In terms of discipline I do feel I am doing everything I can with things like that ATM, although sometimes feeling a bit out of my depth at times I admit! If he repeatedly hits I do do a time out for a very short amount of time (a minute or so) and it works for a while afterwards. I am firm with him and do not let him run wild anywhere, and I am continously trying to set boundaries for him and do tend to ignore his attention seeking tantrums as best as I can (providing he's safe) At the football class he wasn't really misbehaving to the point where I would have to remove him, it was for half an hour and he was mainly just running off and doing his own thing. Obviously if he had been causing a disruption to the other children that would've been different. Thanks though, that was the point of my post as to whether this sort of behaviour seemed like anything to keep an eye out for, which I am always doing anyway.

OP posts:
mctat · 12/09/2017 13:03

'mcat That's a bit picky. What I'm doing is exactly like punishment but without the emotive connotations. I just use a different word. '

I disagree it's picky. If you think it's the same then you misunderstand the meaning of punishment. Punishing is the imposition of an unpleasant or undesirable consequence - dishing out some adult imposed illogical consequence for normal childish behaviour, rather than looking at what the behaviour is telling you and acting accordingly to set up your child for success. As I have said, to discipline means to teach. Very different. Punishing causes shame, frustration and disconnection with the child.
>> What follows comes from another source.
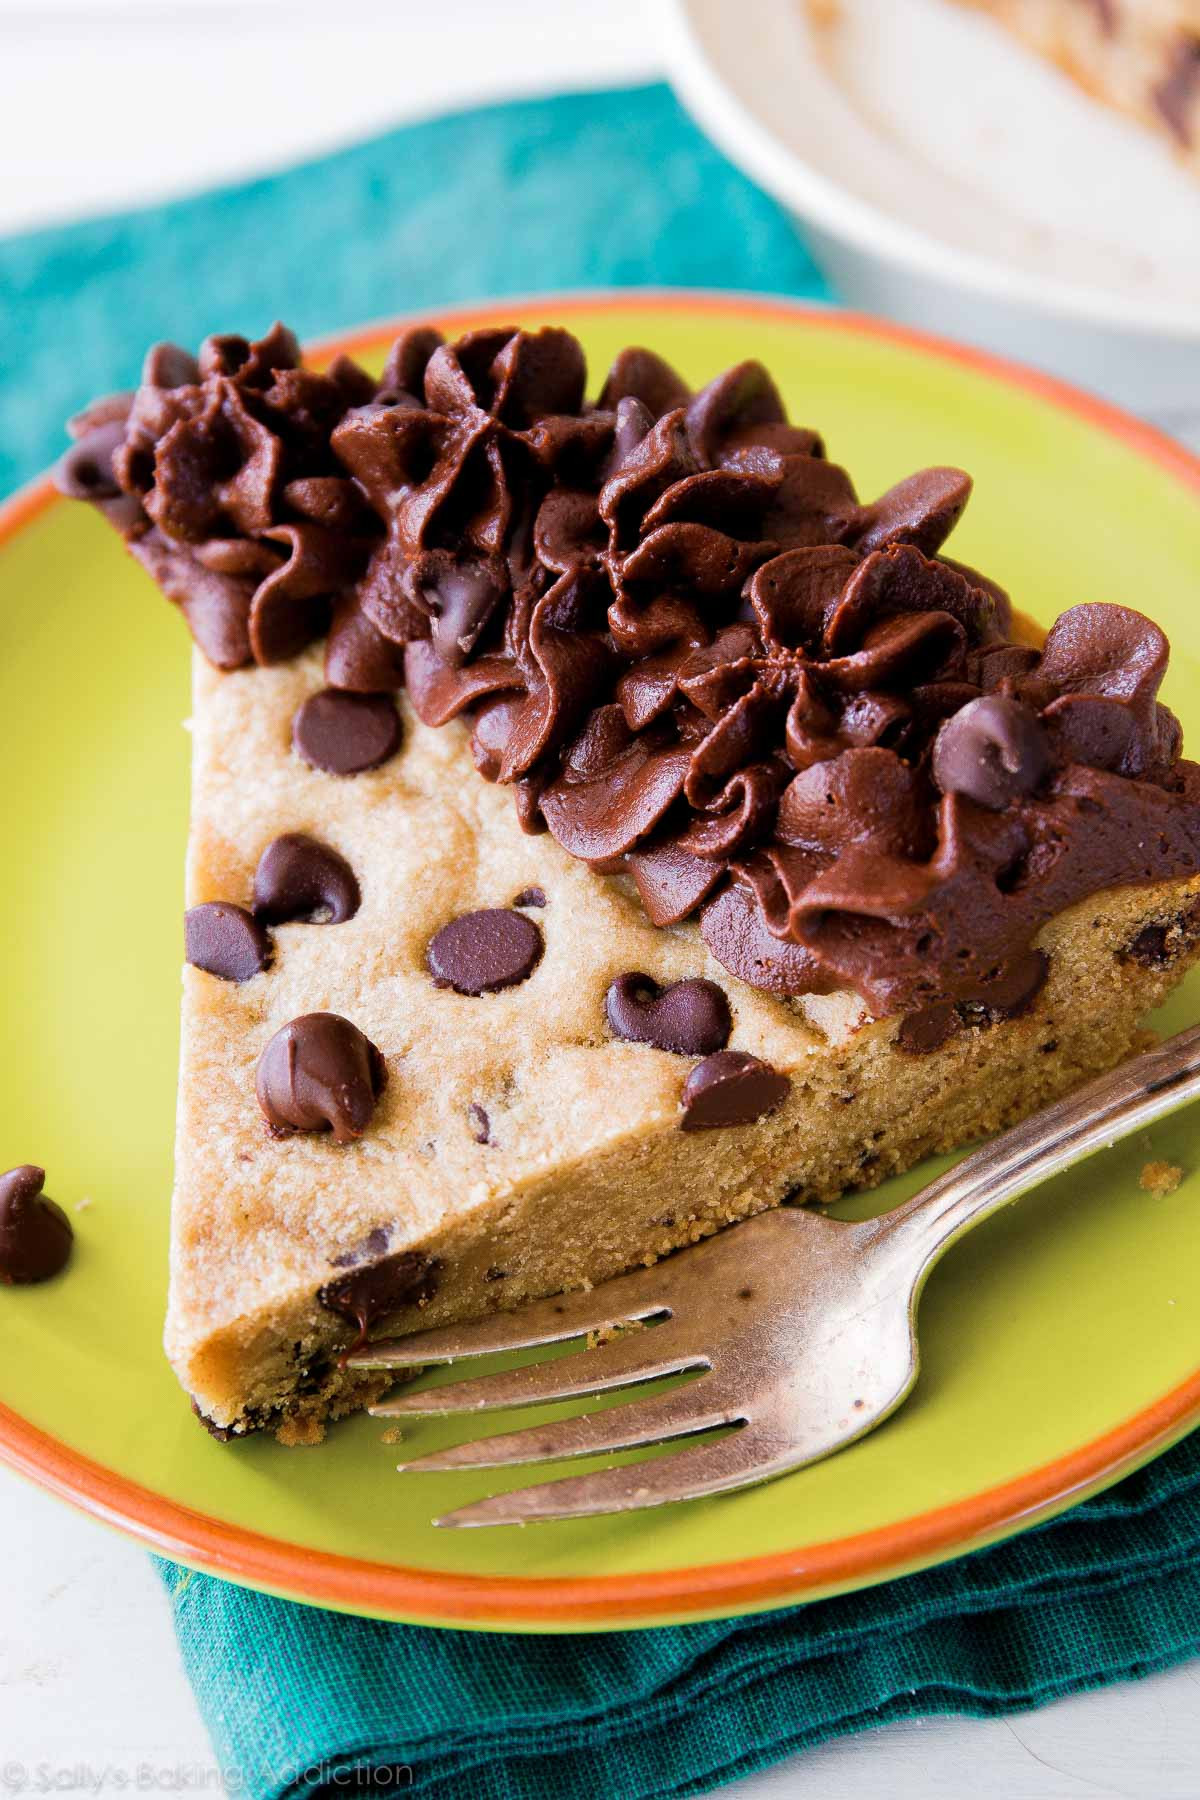 Chocolate Chip Cookie Cake  Chocolate Chip Cookie Cake Sallys Baking Addiction
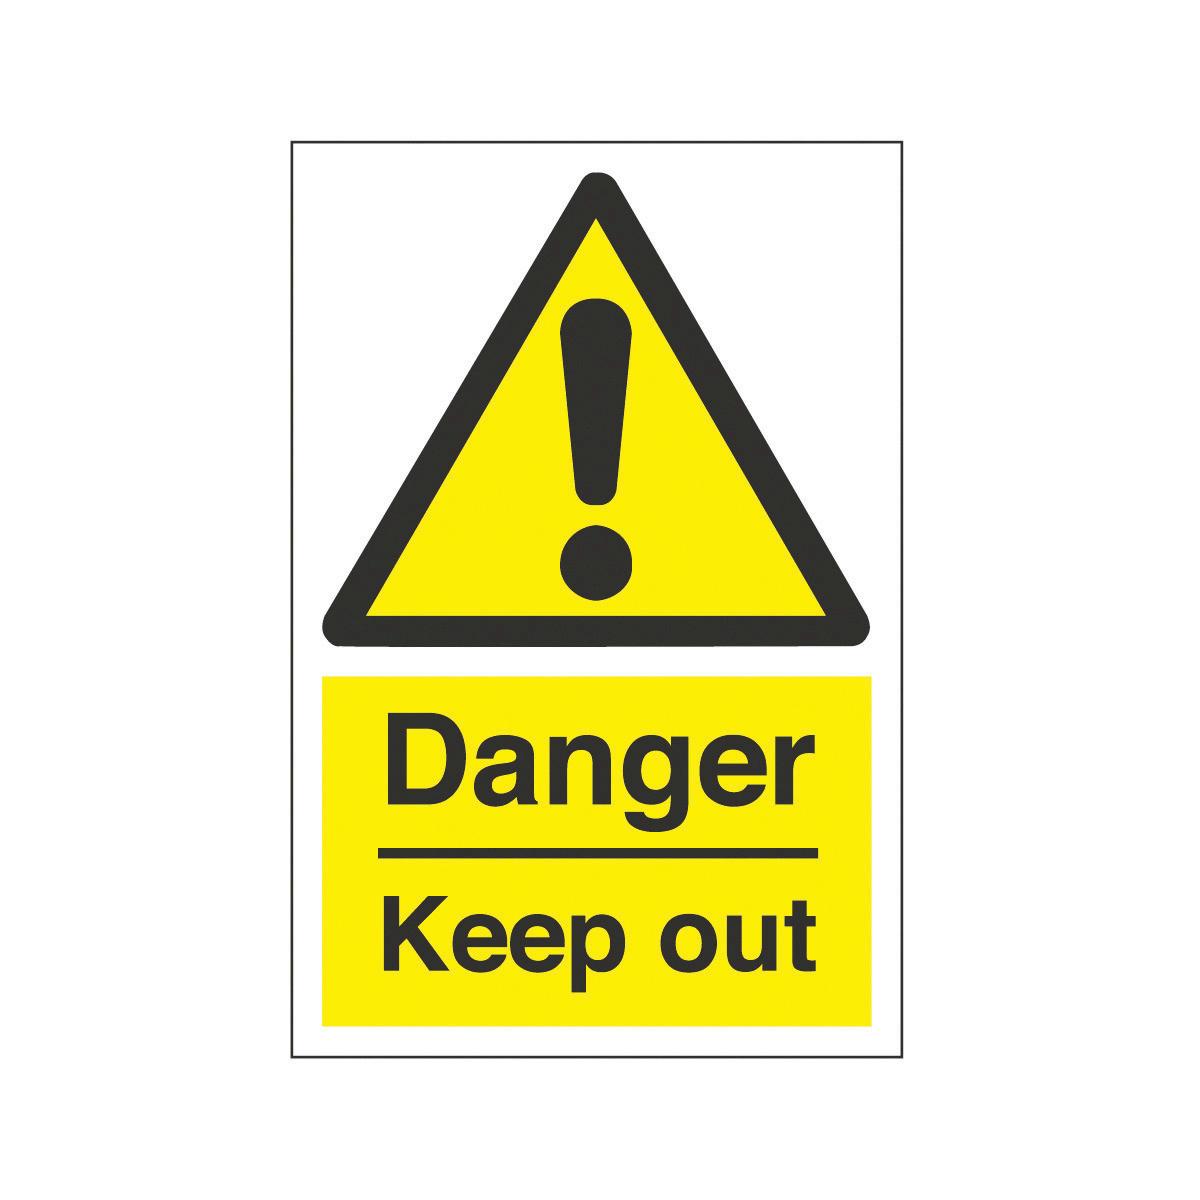 Danger Keep Out Safety Signs From Bigdug Hazard

For example, removing a toy because a child can't play with it safely in order to keep everyone safe and show them that behaviour isn't acceptable is completely different to, for example, isolating them (timeout) for the same thing.

'Time out, removing toys e.t.c If you've ever seen Supernanny there are some awful kids on there (not saying yours is) who push the boundaries.'

Normal children push boundaries. These 'awful children' just likely haven't been given respectful discipline. Super nanny's methods are awful and will backfire.

OP I'd suggest having a look at Janet Lansbury's website or book.

Behaviour is just a way of communicating, maybe think about what he's trying to tell you when his behaviour is challenging. E.g. hungry, tired, over whelmed, not ready for group situations, over stimulated etc etc. He sounds like he needs a strong routine so he knows what is coming next plus lots of free outdoors time and room to explore.